HomeGuidesAPI ReferenceTutorials
Haystack

DocumentStore

You can think of the DocumentStore as a database that stores your texts and meta data and provides them to the Retriever at query time. Learn how to choose the best DocumentStore for your use case and how to use it in a pipeline.

👍

Use with Retrievers

By far the most common way to use a DocumentStore in Haystack is to fetch documents using a Retriever. A DocumentStore needs to be provided as an argument to the initialization of a Retriever.

Initialization

Initializing a new DocumentStore within Haystack is straightforward.

Elasticsearch

Install Elasticsearch and then start an instance.

If you have Docker set up, we recommend pulling the Docker image and running it.

docker pull docker.elastic.co/elasticsearch/elasticsearch:7.9.2
docker run -d -p 9200:9200 -e "discovery.type=single-node" elasticsearch:7.9.2

Next you can initialize the Haystack object that will connect to this instance.

document_store = ElasticsearchDocumentStore()
Open Distro for Elasticsearch

Learn how to get started here. If you have Docker set up, we recommend pulling the Docker image and running it.

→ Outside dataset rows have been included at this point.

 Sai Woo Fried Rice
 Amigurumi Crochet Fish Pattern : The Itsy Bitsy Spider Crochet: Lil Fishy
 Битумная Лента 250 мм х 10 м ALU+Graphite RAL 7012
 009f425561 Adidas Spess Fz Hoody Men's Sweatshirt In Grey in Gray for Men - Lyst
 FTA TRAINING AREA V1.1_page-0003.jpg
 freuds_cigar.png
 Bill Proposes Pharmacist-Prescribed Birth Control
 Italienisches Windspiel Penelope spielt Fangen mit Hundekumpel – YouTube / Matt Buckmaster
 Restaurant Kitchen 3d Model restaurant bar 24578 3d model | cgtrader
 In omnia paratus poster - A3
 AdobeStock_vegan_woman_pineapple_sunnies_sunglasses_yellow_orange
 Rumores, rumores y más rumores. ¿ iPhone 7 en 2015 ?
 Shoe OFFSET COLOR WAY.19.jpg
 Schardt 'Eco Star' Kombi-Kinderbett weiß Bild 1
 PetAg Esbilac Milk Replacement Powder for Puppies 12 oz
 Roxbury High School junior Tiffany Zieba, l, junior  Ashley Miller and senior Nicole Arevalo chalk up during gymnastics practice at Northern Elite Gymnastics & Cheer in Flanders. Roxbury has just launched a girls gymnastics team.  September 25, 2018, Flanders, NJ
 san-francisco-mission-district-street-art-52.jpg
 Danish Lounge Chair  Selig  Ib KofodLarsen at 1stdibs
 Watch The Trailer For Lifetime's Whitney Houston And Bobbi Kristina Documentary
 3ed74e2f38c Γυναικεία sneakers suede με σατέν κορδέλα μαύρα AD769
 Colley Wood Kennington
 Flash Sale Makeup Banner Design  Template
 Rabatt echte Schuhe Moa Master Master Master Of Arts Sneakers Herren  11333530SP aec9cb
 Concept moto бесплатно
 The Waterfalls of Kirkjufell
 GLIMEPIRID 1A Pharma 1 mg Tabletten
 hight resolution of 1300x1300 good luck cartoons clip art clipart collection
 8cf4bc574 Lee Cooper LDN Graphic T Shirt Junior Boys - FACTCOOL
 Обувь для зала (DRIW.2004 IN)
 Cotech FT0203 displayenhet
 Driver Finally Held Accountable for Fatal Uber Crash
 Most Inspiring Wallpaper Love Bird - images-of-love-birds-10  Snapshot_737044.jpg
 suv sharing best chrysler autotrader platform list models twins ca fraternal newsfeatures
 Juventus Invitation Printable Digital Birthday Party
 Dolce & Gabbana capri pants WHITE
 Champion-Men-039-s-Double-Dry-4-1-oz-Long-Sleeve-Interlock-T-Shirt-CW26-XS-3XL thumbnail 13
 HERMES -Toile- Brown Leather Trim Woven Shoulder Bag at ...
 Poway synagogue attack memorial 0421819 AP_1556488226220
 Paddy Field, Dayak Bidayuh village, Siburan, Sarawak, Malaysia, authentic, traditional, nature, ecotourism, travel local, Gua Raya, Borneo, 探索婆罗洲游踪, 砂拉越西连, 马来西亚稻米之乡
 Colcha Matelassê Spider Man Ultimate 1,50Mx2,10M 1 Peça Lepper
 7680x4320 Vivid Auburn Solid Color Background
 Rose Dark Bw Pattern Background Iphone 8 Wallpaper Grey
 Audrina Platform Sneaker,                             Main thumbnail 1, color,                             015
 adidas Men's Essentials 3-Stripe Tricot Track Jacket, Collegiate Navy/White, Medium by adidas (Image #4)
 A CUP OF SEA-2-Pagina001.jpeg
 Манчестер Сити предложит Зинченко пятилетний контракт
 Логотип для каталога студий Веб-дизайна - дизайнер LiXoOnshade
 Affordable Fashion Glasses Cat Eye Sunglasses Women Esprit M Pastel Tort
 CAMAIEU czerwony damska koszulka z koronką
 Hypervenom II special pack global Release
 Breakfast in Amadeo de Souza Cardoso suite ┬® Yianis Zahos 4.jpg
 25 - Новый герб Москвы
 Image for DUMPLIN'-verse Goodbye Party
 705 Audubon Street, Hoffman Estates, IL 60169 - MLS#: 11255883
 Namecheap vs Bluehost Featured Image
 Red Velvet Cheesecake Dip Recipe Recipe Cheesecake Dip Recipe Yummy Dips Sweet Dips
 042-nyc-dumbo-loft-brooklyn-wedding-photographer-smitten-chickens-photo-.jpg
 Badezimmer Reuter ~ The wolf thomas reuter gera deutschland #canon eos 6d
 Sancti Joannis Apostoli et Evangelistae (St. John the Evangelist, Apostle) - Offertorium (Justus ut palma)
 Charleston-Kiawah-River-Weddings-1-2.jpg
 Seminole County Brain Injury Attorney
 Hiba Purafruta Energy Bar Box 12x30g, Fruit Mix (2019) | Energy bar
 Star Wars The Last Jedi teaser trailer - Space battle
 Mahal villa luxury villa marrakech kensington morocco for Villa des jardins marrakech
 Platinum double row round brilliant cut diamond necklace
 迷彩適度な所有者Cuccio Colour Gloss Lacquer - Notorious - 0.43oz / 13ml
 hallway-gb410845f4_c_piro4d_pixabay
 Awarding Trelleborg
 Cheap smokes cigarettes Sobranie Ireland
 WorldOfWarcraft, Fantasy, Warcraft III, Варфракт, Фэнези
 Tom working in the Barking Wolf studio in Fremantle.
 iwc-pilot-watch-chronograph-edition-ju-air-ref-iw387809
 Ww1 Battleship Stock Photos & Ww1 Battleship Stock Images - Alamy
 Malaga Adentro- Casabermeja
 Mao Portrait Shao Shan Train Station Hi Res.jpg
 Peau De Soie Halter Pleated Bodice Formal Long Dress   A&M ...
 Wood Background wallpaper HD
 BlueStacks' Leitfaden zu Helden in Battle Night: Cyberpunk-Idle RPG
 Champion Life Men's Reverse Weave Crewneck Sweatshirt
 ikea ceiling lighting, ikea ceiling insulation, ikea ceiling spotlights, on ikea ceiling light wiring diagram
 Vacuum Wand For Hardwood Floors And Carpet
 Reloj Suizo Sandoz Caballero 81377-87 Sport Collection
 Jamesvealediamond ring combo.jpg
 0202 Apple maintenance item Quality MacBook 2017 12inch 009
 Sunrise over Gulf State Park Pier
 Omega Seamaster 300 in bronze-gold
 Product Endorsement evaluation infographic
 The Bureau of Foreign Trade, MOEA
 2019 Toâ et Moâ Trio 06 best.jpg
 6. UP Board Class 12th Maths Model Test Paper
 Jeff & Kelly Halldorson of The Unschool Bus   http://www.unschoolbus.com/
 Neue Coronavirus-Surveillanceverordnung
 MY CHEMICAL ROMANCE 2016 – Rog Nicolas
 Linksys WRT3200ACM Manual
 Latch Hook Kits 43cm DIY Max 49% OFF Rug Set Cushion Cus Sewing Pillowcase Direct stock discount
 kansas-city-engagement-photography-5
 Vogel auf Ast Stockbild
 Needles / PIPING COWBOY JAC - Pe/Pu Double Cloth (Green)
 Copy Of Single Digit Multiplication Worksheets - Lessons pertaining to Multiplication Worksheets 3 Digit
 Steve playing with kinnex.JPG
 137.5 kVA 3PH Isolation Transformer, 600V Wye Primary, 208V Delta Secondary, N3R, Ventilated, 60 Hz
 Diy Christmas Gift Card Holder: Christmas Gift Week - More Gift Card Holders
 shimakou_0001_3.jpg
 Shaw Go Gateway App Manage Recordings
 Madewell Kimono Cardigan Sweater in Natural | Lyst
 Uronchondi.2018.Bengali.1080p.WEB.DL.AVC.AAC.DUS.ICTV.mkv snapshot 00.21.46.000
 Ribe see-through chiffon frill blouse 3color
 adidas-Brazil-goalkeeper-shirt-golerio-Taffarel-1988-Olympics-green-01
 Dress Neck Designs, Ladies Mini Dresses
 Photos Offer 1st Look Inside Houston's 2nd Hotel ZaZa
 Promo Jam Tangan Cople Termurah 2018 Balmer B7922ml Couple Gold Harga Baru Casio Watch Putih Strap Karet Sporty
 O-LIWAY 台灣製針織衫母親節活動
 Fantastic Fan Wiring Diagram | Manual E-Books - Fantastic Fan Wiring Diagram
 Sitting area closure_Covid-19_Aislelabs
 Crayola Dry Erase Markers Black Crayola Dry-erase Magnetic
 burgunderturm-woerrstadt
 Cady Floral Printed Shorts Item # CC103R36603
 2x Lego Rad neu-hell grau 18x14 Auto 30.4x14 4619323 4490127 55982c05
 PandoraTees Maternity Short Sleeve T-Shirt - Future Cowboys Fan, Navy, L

docker pull amazon/opendistro-for-elasticsearch:1.13.2
docker run -p 9200:9200 -p 9600:9600 -e "discovery.type=single-node" amazon/opendistro-for-elasticsearch:1.13.2

Next you can initialize the Haystack object that will connect to this instance.

from haystack.document_stores import OpenDistroElasticsearchDocumentStore
document_store = OpenDistroElasticsearchDocumentStore()
OpenSearch

Learn how to get started here. If you have Docker set up, we recommend pulling the Docker image and running it.

docker pull opensearchproject/opensearch:1.0.1
docker run -p 9200:9200 -p 9600:9600 -e "discovery.type=single-node" opensearchproject/opensearch:1.0.1

Next you can initialize the Haystack object that will connect to this instance.

from haystack.document_stores import OpenSearchDocumentStore
document_store = OpenSearchDocumentStore()
Milvus

Follow the official documentation to start a Milvus instance via Docker. Note that we also have a utility function haystack.utils.launch_milvus that can start up a Milvus instance.

You can initialize the Haystack object that will connect to this instance as follows:

from haystack.document_stores import MilvusDocumentStore
document_store = MilvusDocumentStore()
FAISS

The FAISSDocumentStore requires no external setup. Start it by simply using this line:

from haystack.document_stores import FAISSDocumentStore
document_store = FAISSDocumentStore(faiss_index_factory_str="Flat")

Save & Load

FAISS document stores can be saved to disk and reloaded:

from haystack.document_stores import FAISSDocumentStore
document_store = FAISSDocumentStore(faiss_index_factory_str="Flat")
# Generates two files: my_faiss_index.faiss and my_faiss_index.json
document_store.save("my_faiss_index.faiss")
# Looks for the two files generated above
new_document_store = FAISSDocumentStore.load("my_faiss_index.faiss")
assert new_document_store.faiss_index_factory_str == "Flat"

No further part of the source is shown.